LEAVING IT LATE: Andy Salisbury, with 10-month-old son Raffa, does last-minute Christmas shopping.

Ten-month-old Raffa Salisbury is over the moon about celebrating his first Christmas, dad Andy reckons.

After emigrating 20 years ago, the Liverpool native now lives in the Wellington suburb of Melrose with wife Jo and says his little Liverpudlian Kiwi rates his first festivities highly.

"He's on a bloody cloud nine at the moment - it's like he's just had a bottle of tomato sauce," Mr Salisbury said.

The family were part of a stream of tardy Christmas shoppers rushing for presents yesterday at Lyall Bay's Warehouse.

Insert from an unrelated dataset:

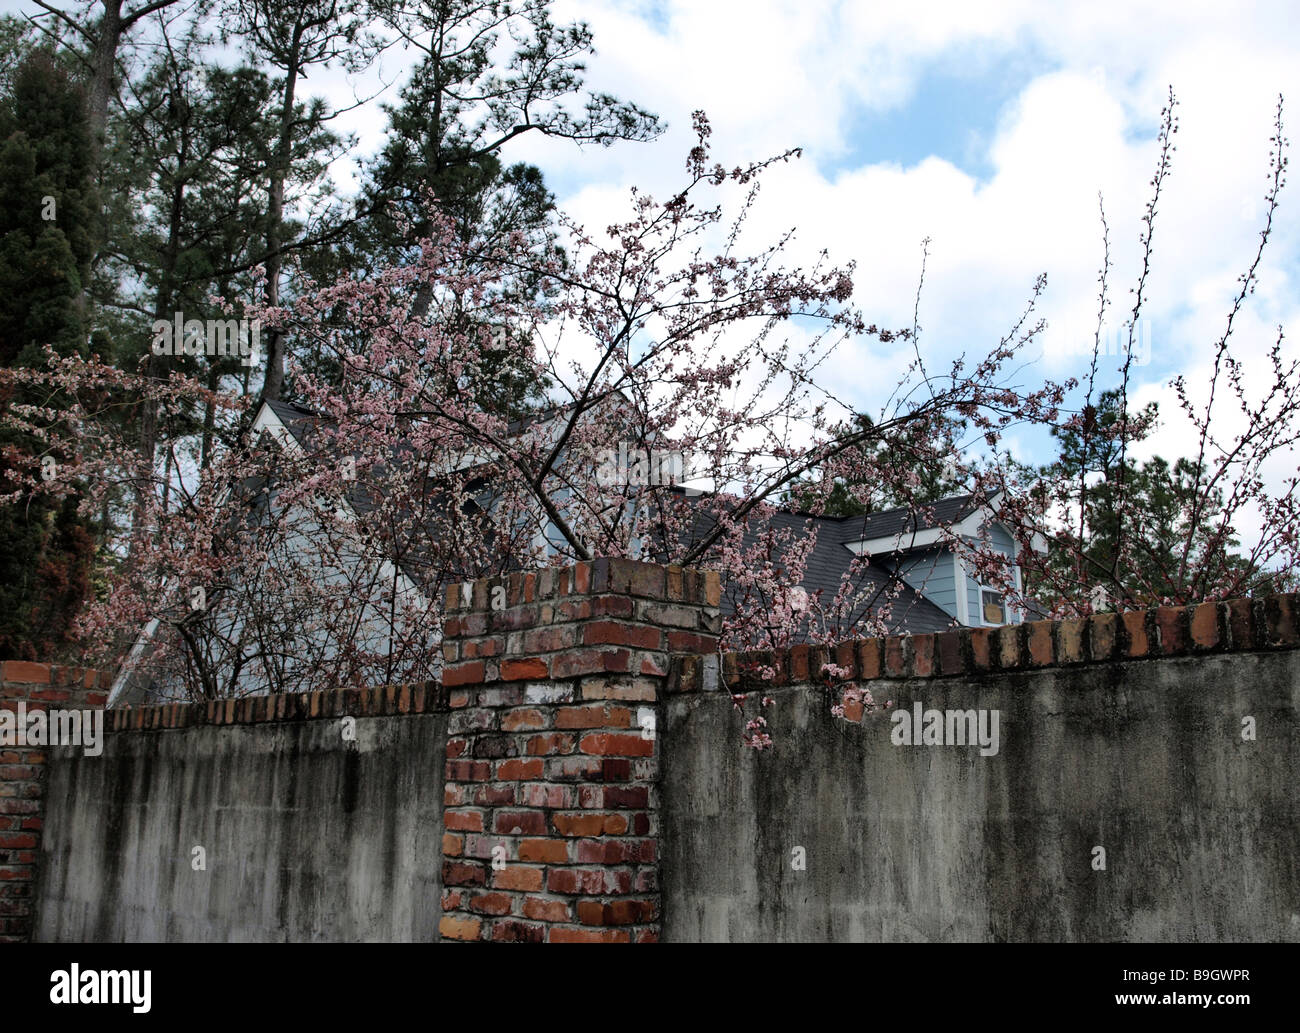 garden wall with pink flowers trees blue sky and clouds patterns on cement fence Stock Photo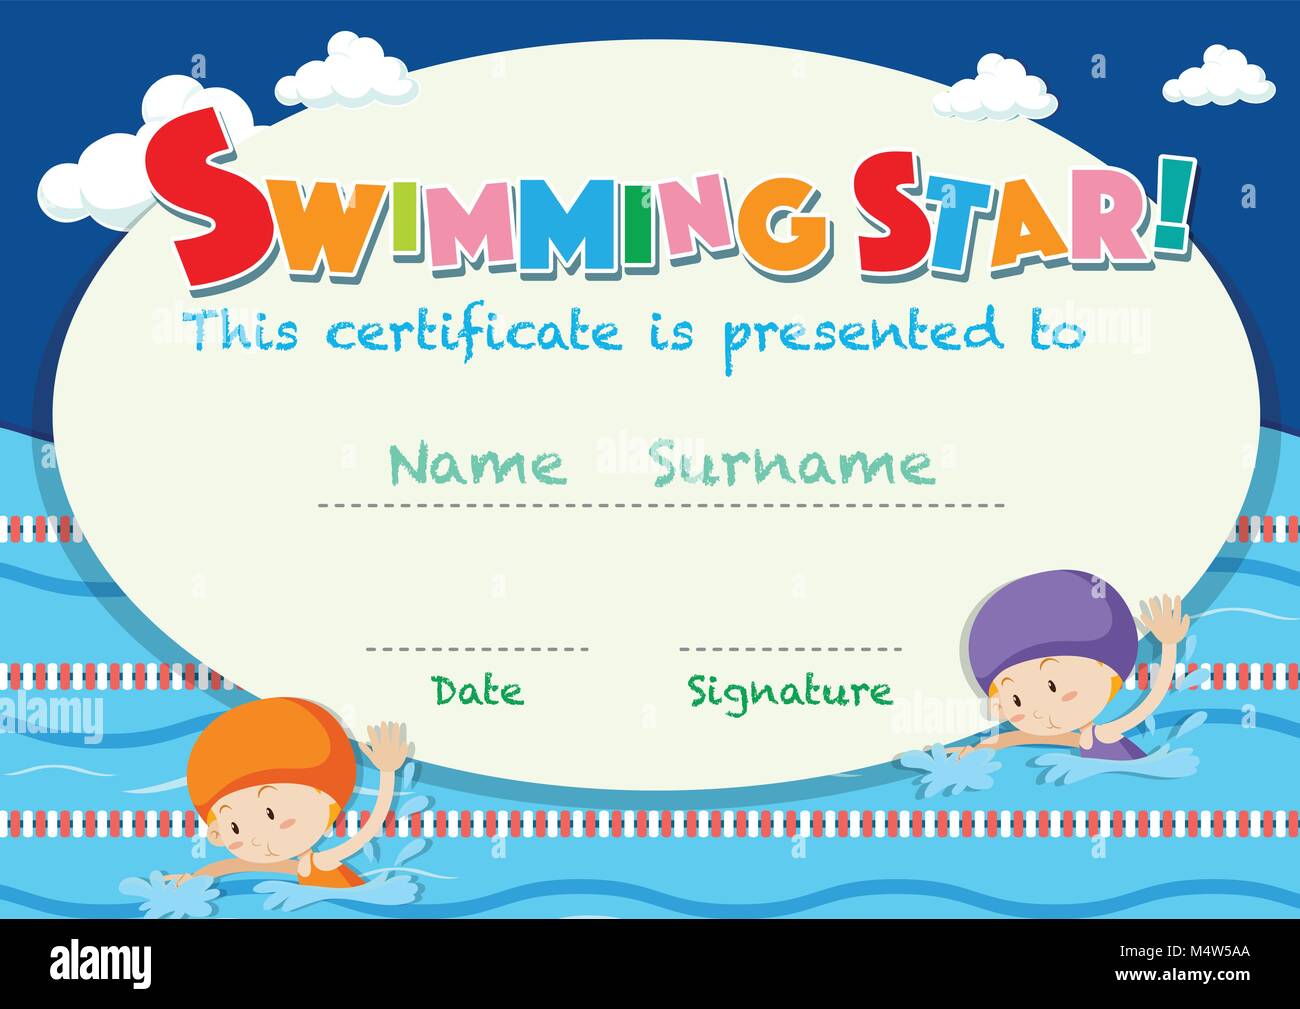 swimming-certificate-stock-vector-images-alamy

Mr Salisbury blamed his last-minute shopping on the demands of work and lifestyle. "It's been a madhouse day today," he said.

Another late shopper who said she was usually organised and would have had her Christmas tree stocked by now was Bridget White of Miramar. The snag she hit this year was shopping solo in an effort to protect the yuletide faith of her young children.


Both youngsters were "very excited", although Molly, 7, seemed to be getting cynical in her old age.

"She's a bit more switched on. She says she believes in Santa because she knows she'll get stuff. She's just playing along."

Mrs White's son Henry, 5, is keeping the faith, both in Father Christmas as well as fellow figment the Tooth Fairy.

Retail spending in the capital has been merrier than last Christmas, with Wellingtonians spending $10.5 million more this December, especially on bubbly and new carpets.

Total retail spending in the capital rose from $320.8m last year to $331.3m in the three weeks ending December 20, according to the latest figures from electronic transactions processor Paymark.

Paymark, which processes more than three-quarters of electronic transactions in retail, said last week that national spending through its network from November 30 to December 20 totalled just over $3.2 billion - $148.7m, or almost 5 per cent, more than the same period last year.

Nationwide, people spent less on books, electronics and sporting gear, but more on clothing, eating out and whiteware.